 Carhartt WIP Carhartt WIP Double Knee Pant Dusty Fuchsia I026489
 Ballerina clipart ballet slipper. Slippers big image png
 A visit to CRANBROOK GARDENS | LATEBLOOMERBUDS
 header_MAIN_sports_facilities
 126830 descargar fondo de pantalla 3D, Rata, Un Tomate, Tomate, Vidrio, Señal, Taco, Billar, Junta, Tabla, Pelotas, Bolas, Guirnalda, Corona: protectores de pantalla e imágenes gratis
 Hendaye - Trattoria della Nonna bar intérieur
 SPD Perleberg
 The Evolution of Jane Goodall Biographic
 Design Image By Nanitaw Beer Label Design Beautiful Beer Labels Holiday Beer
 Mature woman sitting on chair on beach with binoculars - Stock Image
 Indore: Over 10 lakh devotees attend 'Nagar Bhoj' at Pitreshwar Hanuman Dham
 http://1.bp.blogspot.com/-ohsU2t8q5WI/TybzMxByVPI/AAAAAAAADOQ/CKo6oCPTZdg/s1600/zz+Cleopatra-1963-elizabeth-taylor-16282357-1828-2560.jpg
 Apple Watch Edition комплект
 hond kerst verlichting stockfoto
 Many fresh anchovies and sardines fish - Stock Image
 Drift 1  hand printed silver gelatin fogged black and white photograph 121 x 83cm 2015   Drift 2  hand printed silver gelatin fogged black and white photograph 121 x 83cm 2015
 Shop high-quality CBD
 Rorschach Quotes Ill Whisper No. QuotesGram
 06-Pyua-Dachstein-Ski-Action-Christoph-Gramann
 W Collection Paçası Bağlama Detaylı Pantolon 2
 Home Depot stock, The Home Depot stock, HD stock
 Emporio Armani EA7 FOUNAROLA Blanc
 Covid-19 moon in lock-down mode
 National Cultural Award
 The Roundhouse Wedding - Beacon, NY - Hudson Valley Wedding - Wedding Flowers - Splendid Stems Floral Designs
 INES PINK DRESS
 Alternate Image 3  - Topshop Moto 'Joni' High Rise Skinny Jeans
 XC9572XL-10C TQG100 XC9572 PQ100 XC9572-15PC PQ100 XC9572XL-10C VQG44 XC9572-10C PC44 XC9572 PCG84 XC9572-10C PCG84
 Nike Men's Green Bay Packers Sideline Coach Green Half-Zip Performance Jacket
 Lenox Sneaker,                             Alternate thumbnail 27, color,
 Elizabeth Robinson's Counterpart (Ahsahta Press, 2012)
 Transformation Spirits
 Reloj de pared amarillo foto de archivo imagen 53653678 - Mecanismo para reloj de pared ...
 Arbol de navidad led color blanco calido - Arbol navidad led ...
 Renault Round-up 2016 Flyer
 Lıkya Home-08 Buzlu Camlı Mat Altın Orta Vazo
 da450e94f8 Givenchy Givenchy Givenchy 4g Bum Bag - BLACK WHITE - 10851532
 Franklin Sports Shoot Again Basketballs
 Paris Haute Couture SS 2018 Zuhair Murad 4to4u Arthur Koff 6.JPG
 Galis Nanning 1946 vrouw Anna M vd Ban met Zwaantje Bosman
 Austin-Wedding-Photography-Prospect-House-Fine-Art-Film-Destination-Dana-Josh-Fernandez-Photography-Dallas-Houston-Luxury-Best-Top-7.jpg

************

THE TASK:
Your answer should be a single number: the count of lines above with the word "Alternate".

SOLUTION BELOW:
2